> _What is expected_:
Keep the images out while you set down the data exactly.

> _Dataset section_:
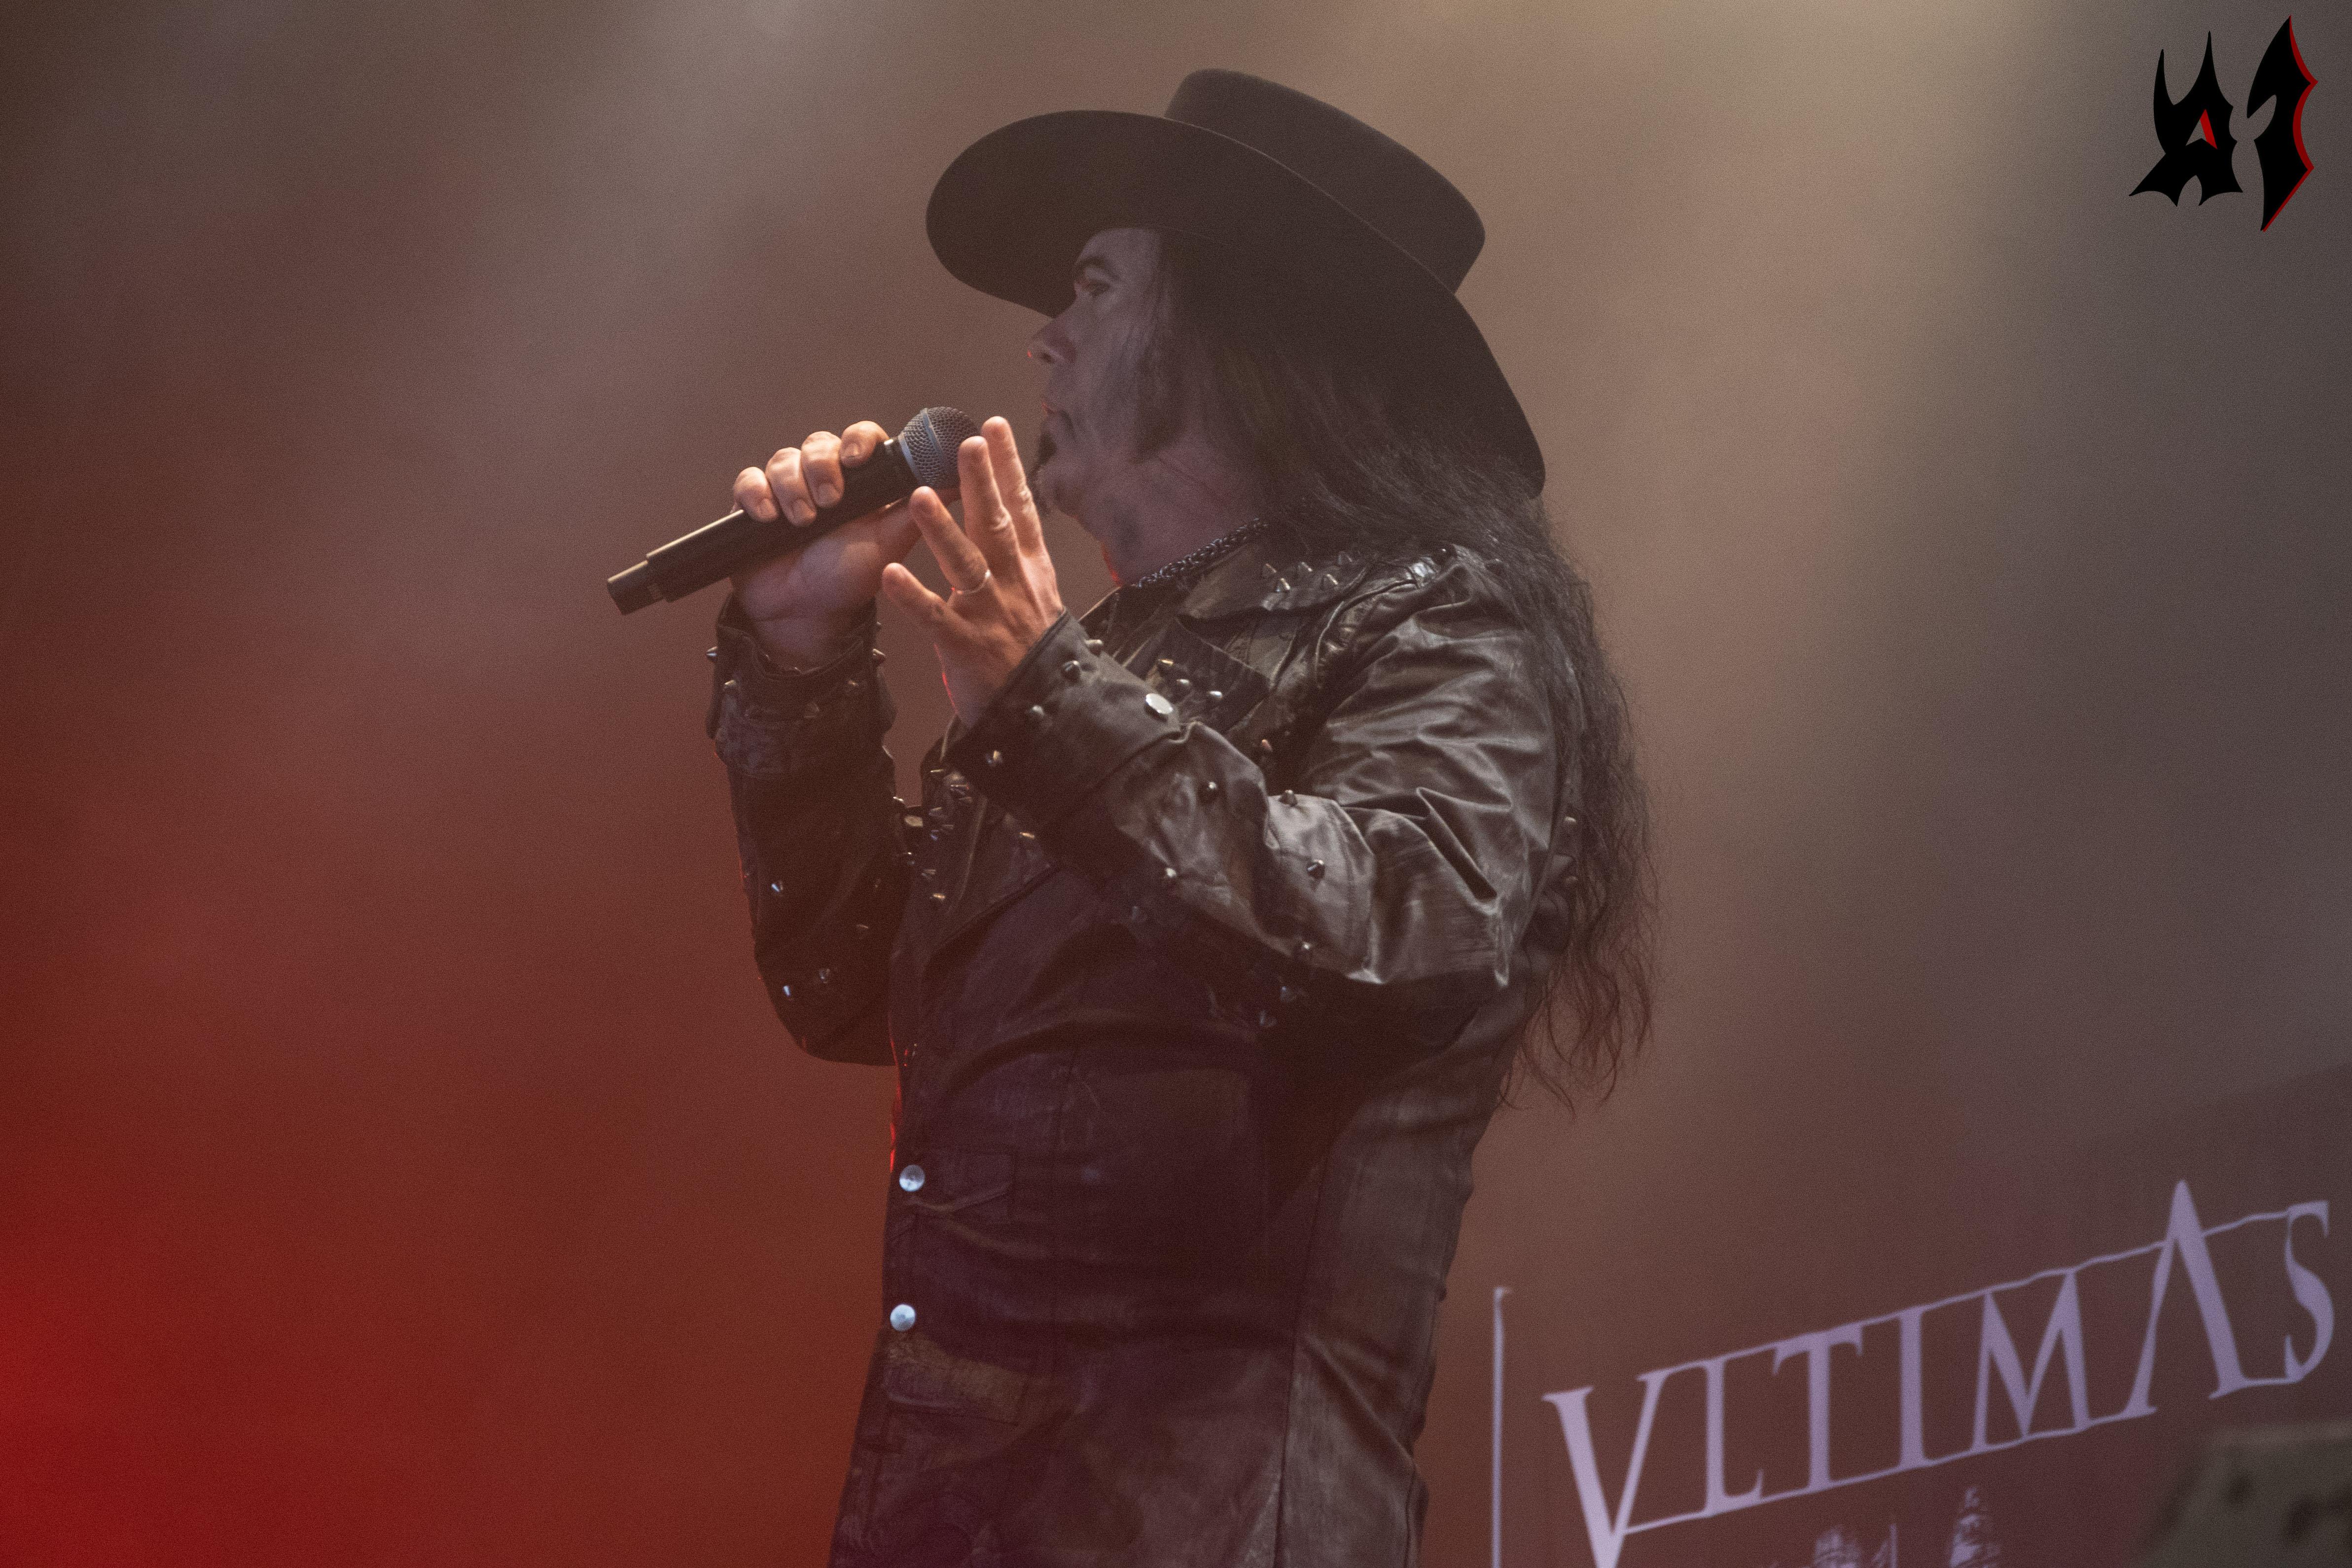 Hellfest - Vltimas - 17
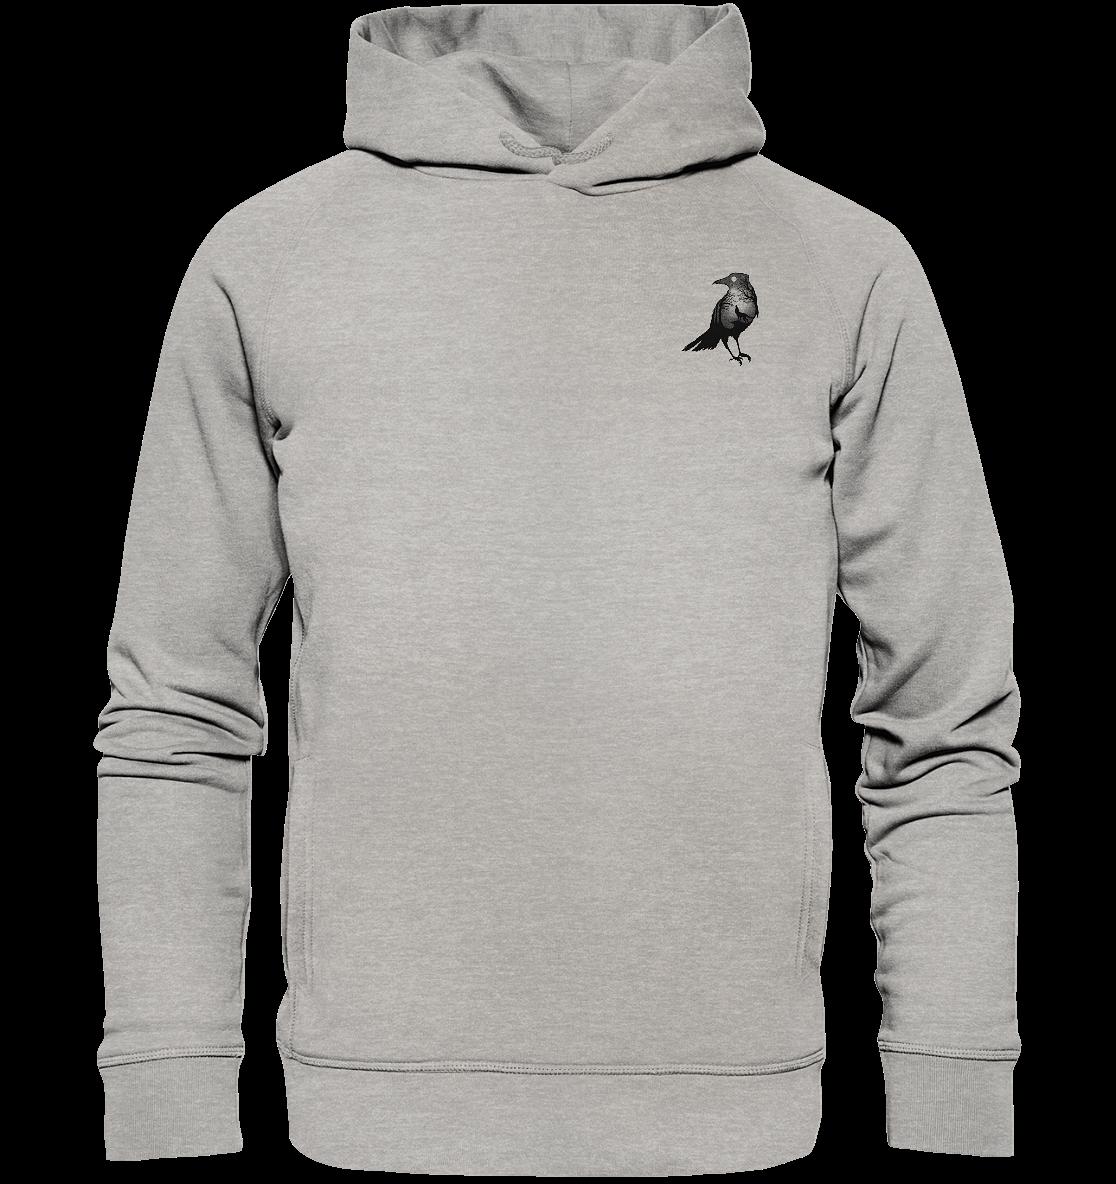 front-organic-fashion-hoodie-c2c1c0-1116x-2.png
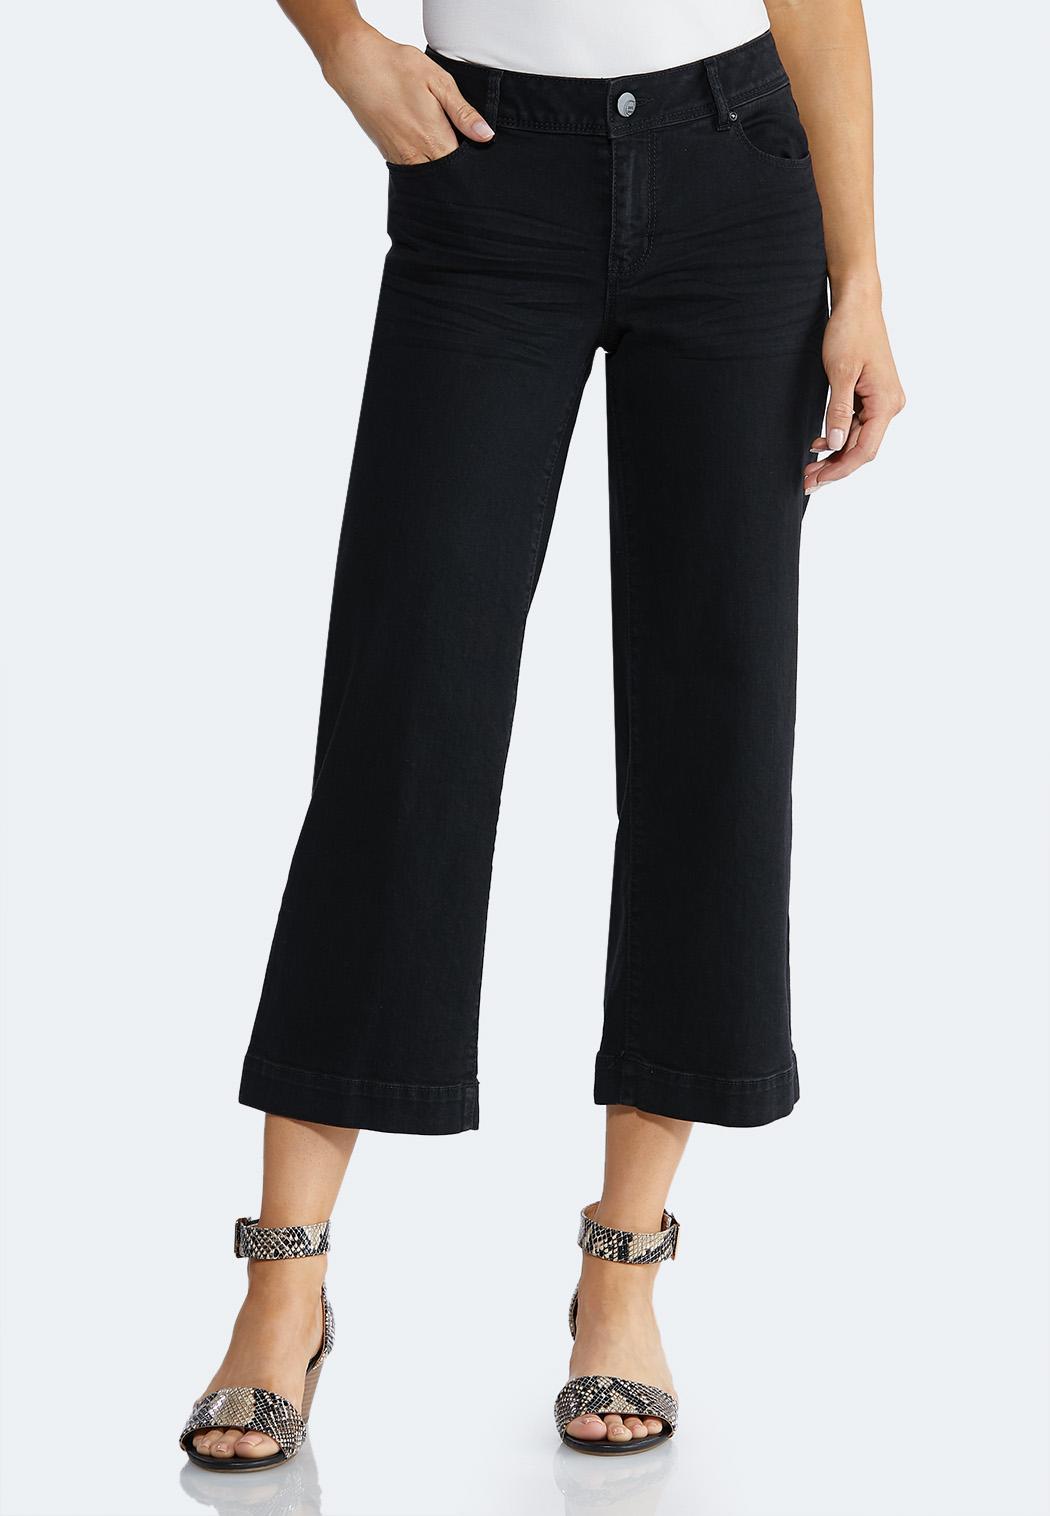 518aeb6d6c Jeans For Women - Denim, Jackets, Skirts & Vests

> _The answer_:
 Hellfest - Vltimas - 17
 front-organic-fashion-hoodie-c2c1c0-1116x-2.png
 518aeb6d6c Jeans For Women - Denim, Jackets, Skirts & Vests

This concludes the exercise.